For my part, I have to say my favorite skeletons in the museum were the elephant skulls. Check out these examples:

I can totally get how'd you'd find one of these and think: whoo! uh-oh, I've stumbled on cyclops remains! Alas, what looks to be a socket for a big 'ol eye is actually the elephant's nasal cavity.

Another display I found fascinating was on the placement of eyes and the resulting field of vision. I believe the display compared a tiger and a gazelle. The tiger has vision not that far off from ours, but a gazelle's field of vision is massive.

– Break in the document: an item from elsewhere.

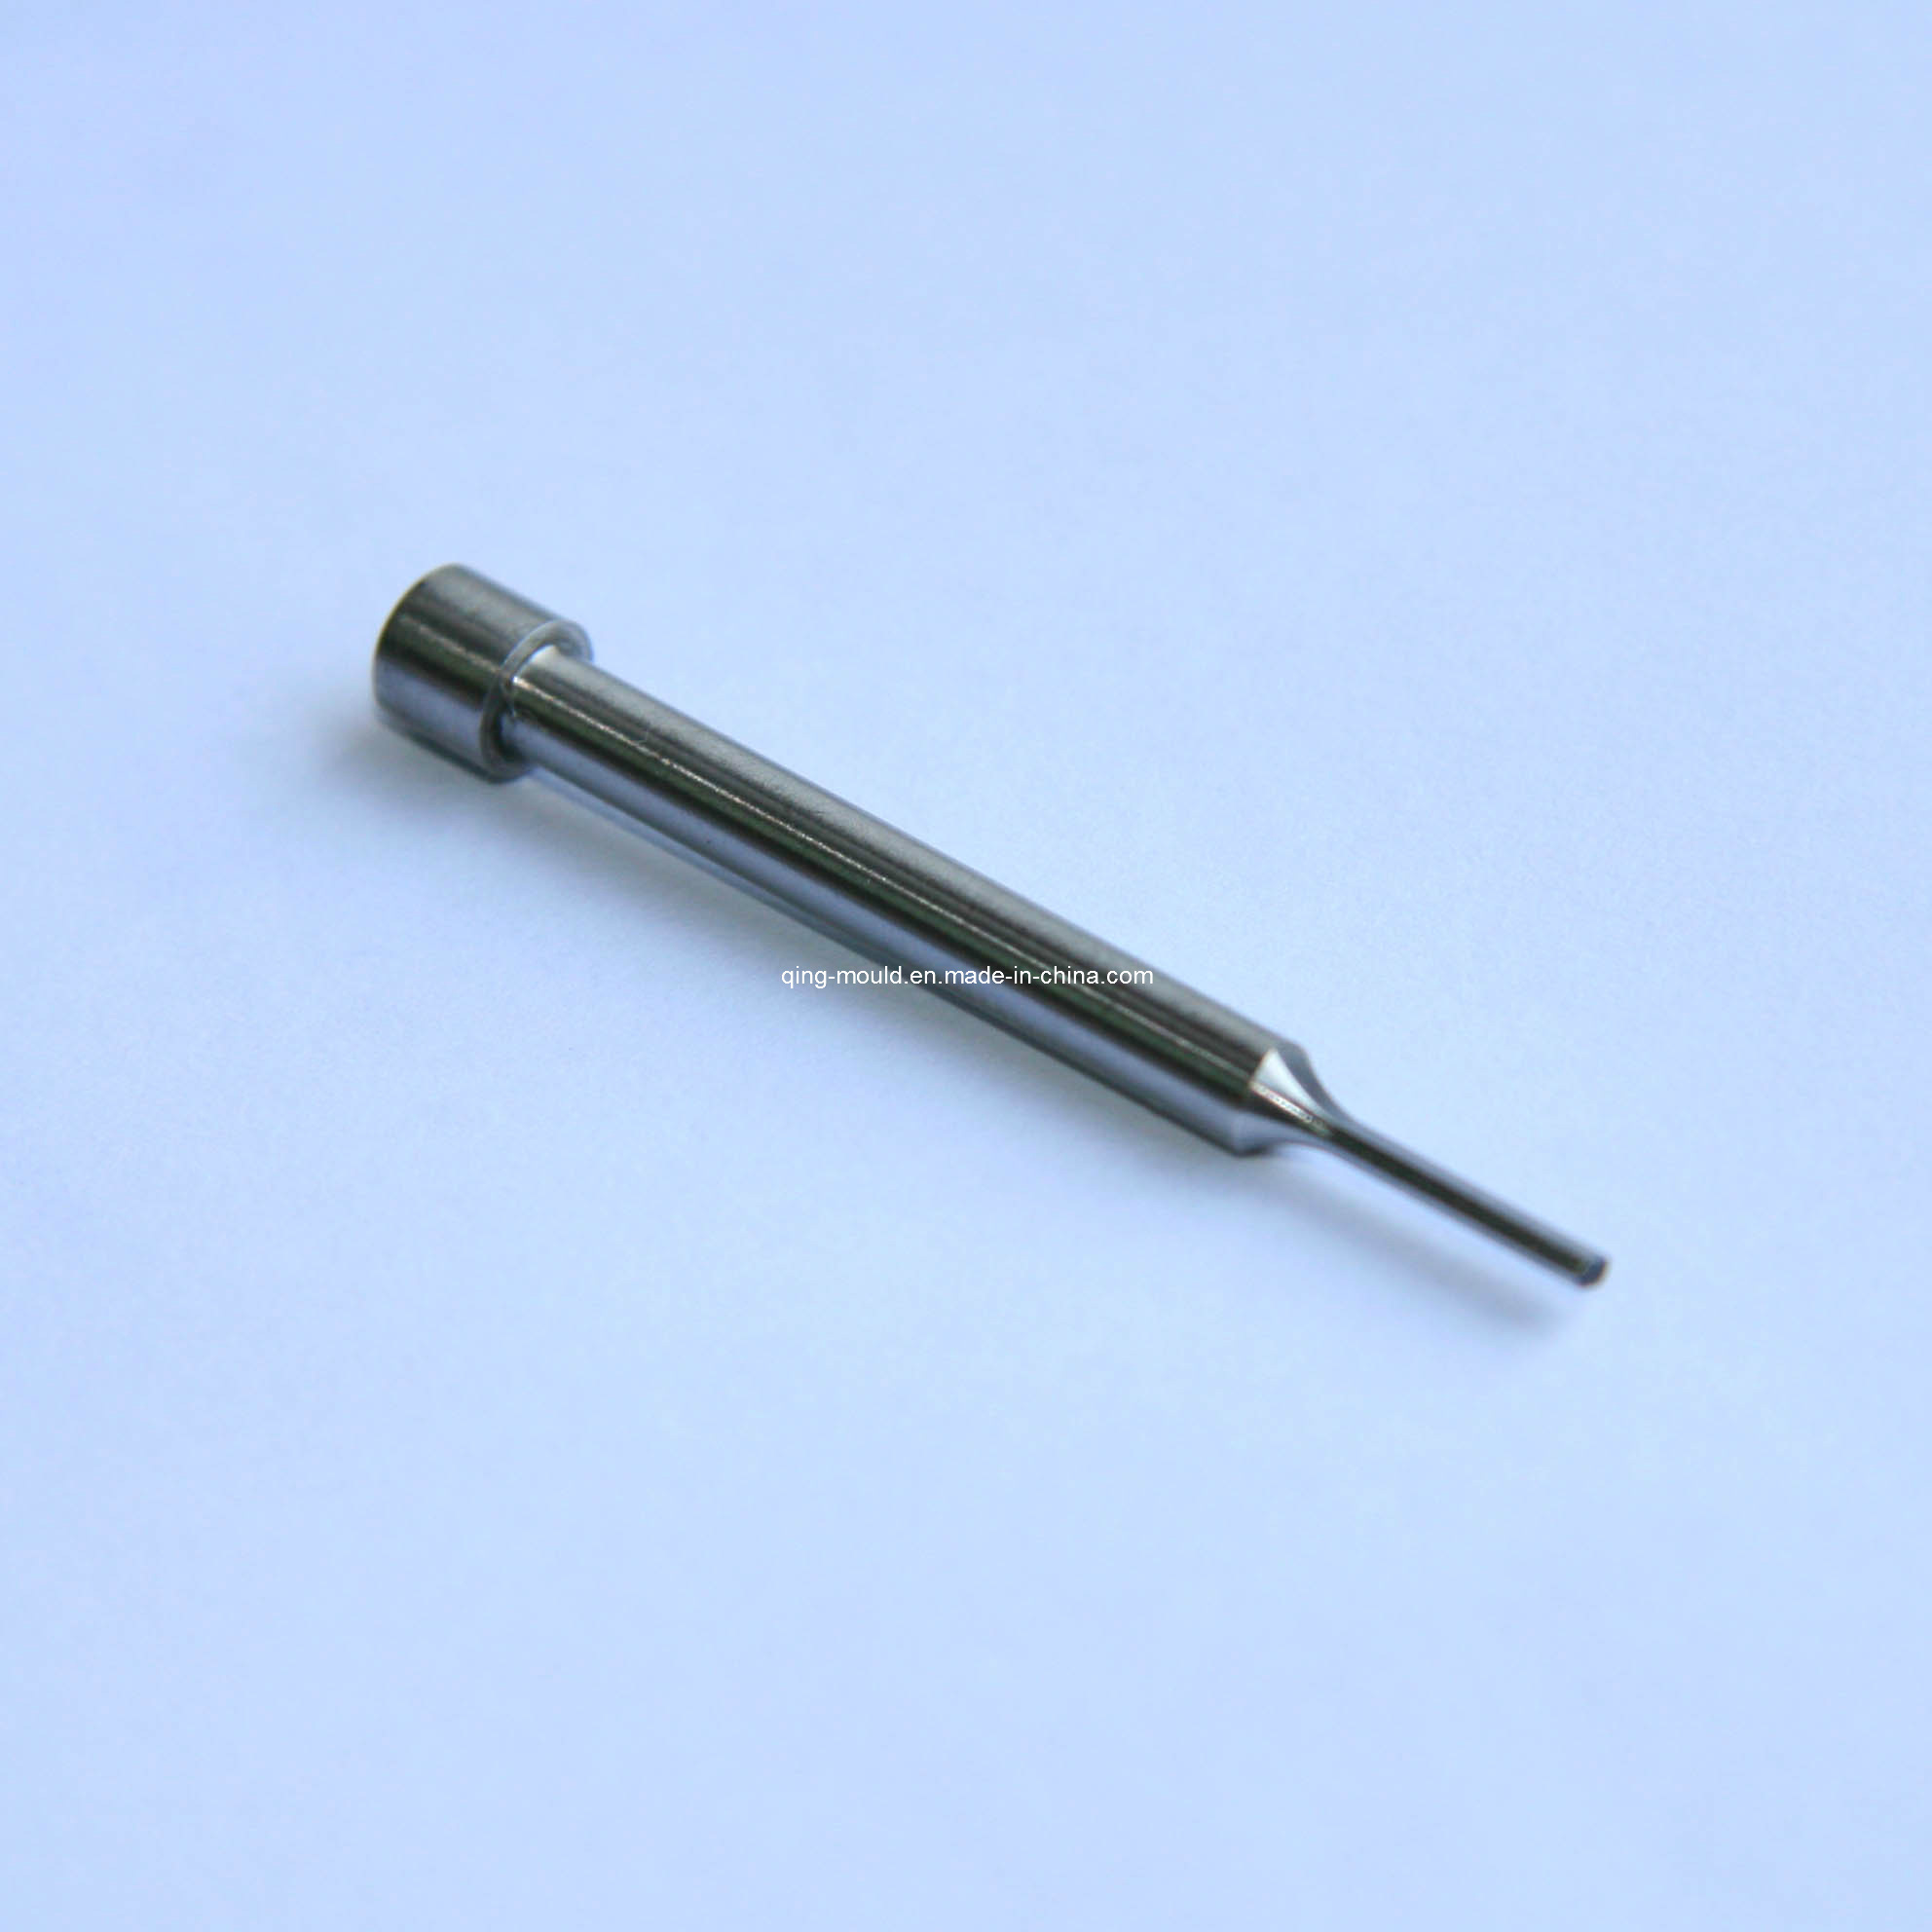 Skh51 Performance Core Pin for Mould Industry
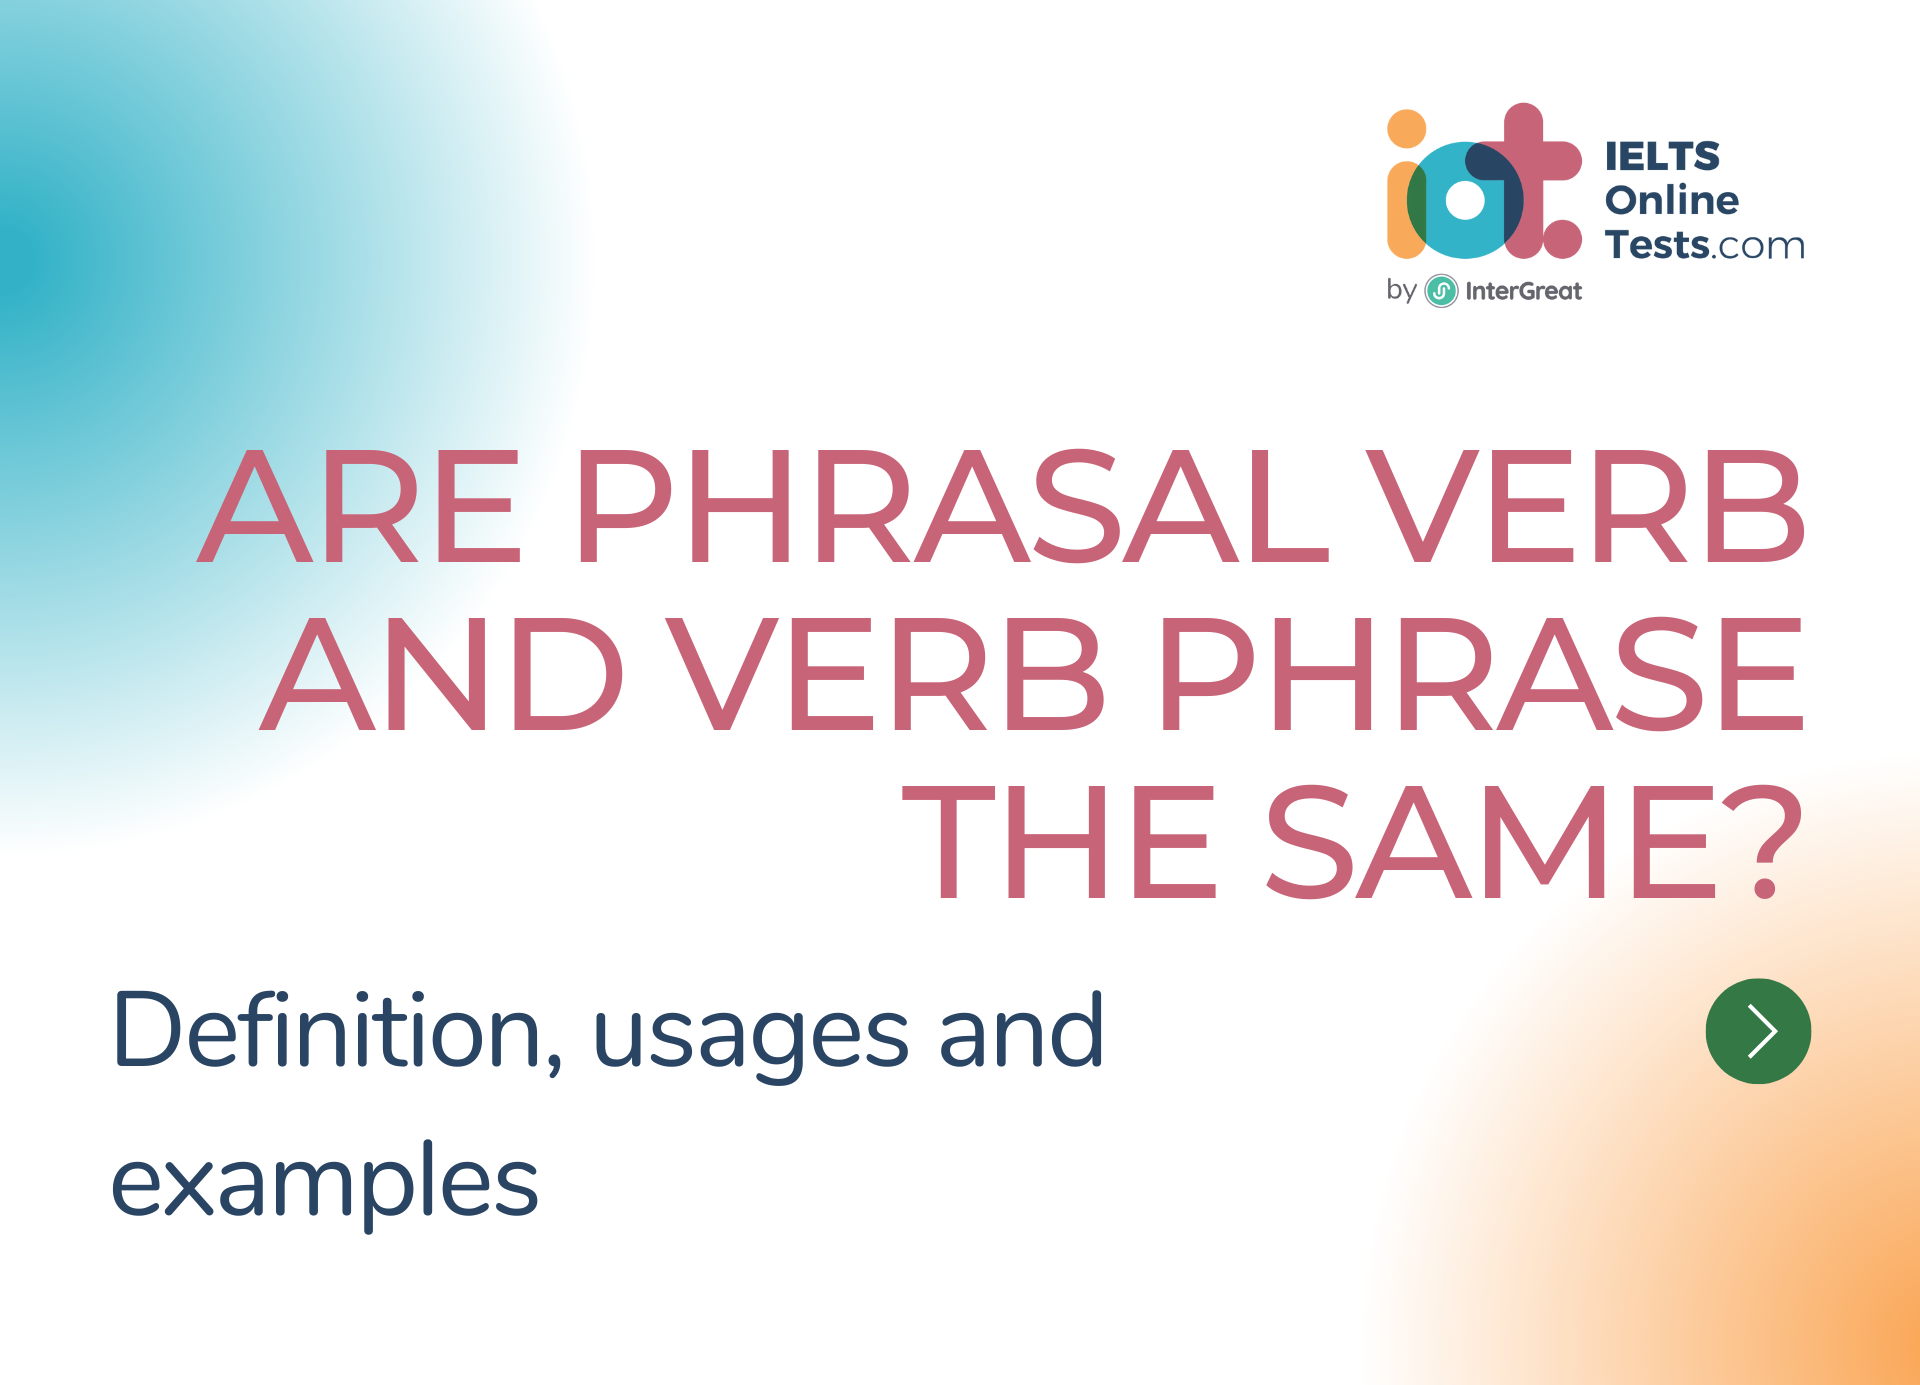 Are Phrasal Verb and Verb Phrase the same?

It's not hard to imagine how natural selection would work its magic to arrive at this distinction. The gazelle who can't see the tiger lurking nearby gets eaten. The gazelle with better vision lives another day and makes more baby gazelles. You can read more about this phenomena here.

On our way out of the museum we were chatting with one of the guides when he mentioned that the man who just walked by was the founder of the museum himself. Sure enough, it was Jay Villemarette. I asked Jay how he got into the bone business and he explained that he had found a skull in the woods when he was a 7 year old. Rather than recoiling in disgust, his parents encouraged him to ID it. And the rest, as they say, was history.

In many ways, this little museum reminded me of Treasure Museum in Ocean City Maryland that we visited last year. Both are small, authentic, outstanding collections in areas dominated by schlock. In both cases, we had a chance to chat with the founders and learned that a young boy's interest can turn into a life long passion.

One word of caution: The Smithsonian's Natural History Museum has The Bone Hall which has many of the same specimens on display as the Museum of Osteology. If you've been to the DC exhibit, then the Bone Museum is going be far less novel. On the other hand, if you've never see a large display of various creatures' skeletons side by side, then this is a must see. Oh, and you can consider the flesh eating beetles the icing on the cake. Enjoy!